How does one fight evil without becoming evil? That is the issue so far as I see it.
The role of the ordinary man is simply to survive, relying on evil to destroy itself like a ravening beast ripping its own body apart. If you were the average decent European during World War 2, unless luck gave you some special opportunity to fight the Nazis, the best thing you could do was simply to survive: to evade in your body and in your mind. Hitler and Stalin, truth to tell, did most of the rest to themselves.
But when you actually have the power to resist — as the Greatest Generation did — your problem becomes subtly different. A terrible burden, some would even call it a responsibility, falls on you to engage evil at the risk that it too may pull you down into moral damnation. As Tolkien might say, Power is a perilous thing. His metaphorical solution was to entrust power — and only temporarily — to entirely ordinary men who would put it away when the need was past and return to their gardening. The mystique of Cincinnatus and George Washington was that, like Sam Gamgee of LOTR, they could apparently see no use in it.

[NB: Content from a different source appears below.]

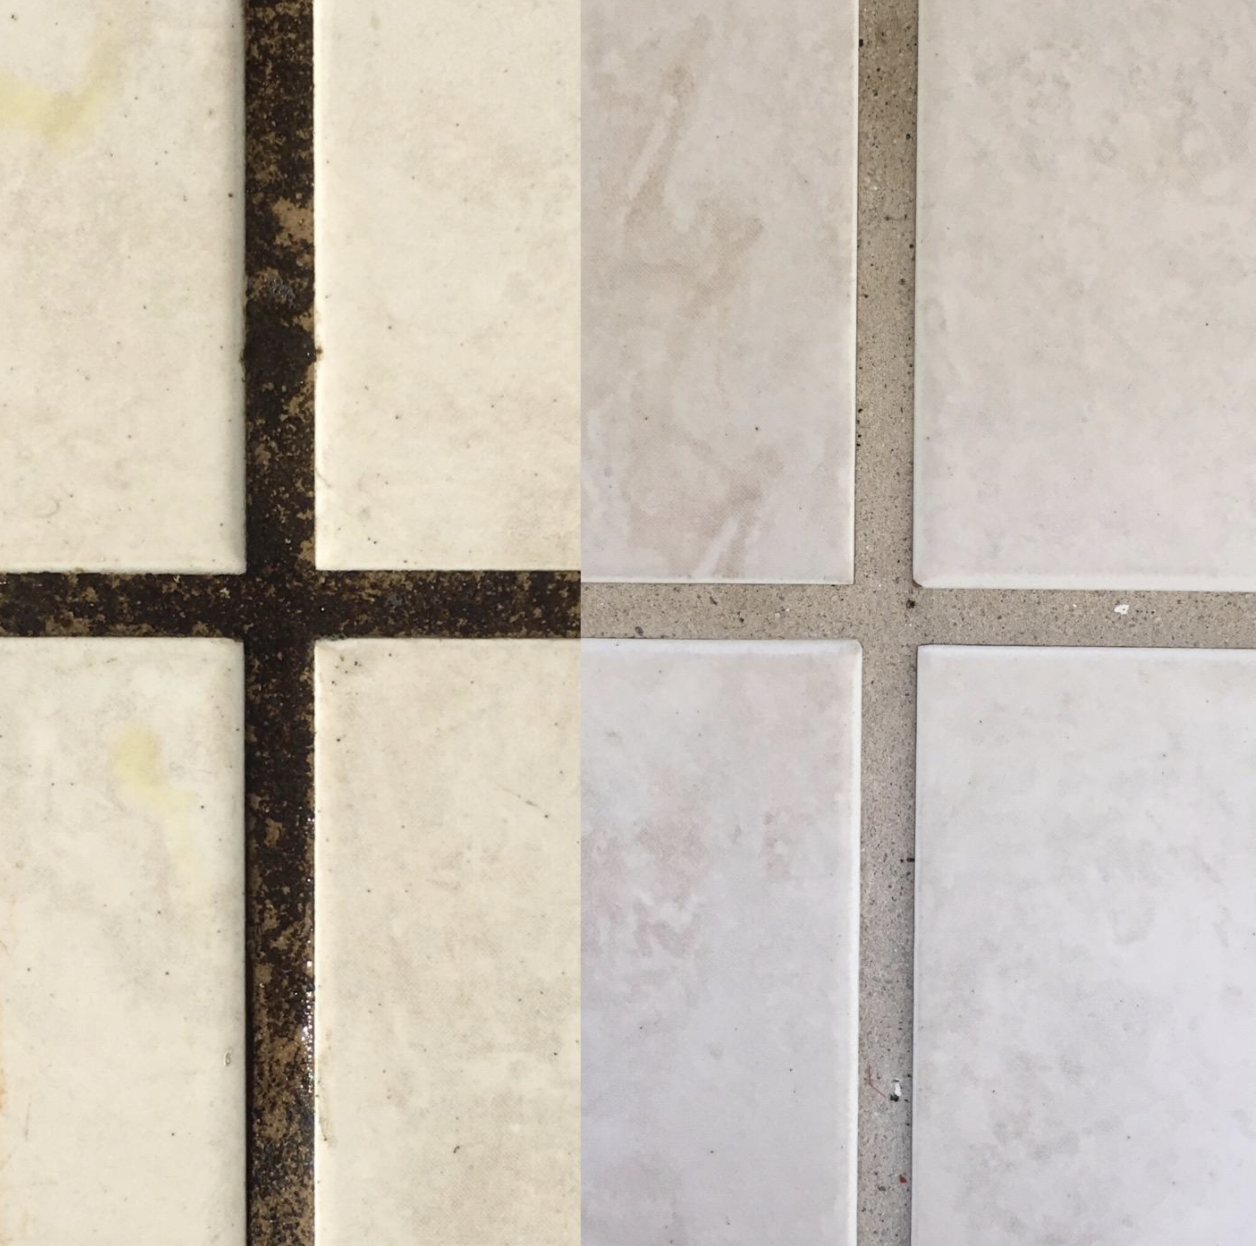 A customer review photo showing the difference in their grout before and after using the cleaner

To recognize people who lust after power is the first skill of political discernment. And unfortunately, since America became globally pre-eminent after World War 2, a permanent class has come to see the exercise of power as their right; and the opportunity to remak the world according to their vision as their vocation. That temptation was held in check for as long as culture was anchored in the simple, while society itself was dominated by the Cincinnatuses. Today we no longer want to till the earth. We want to be cool.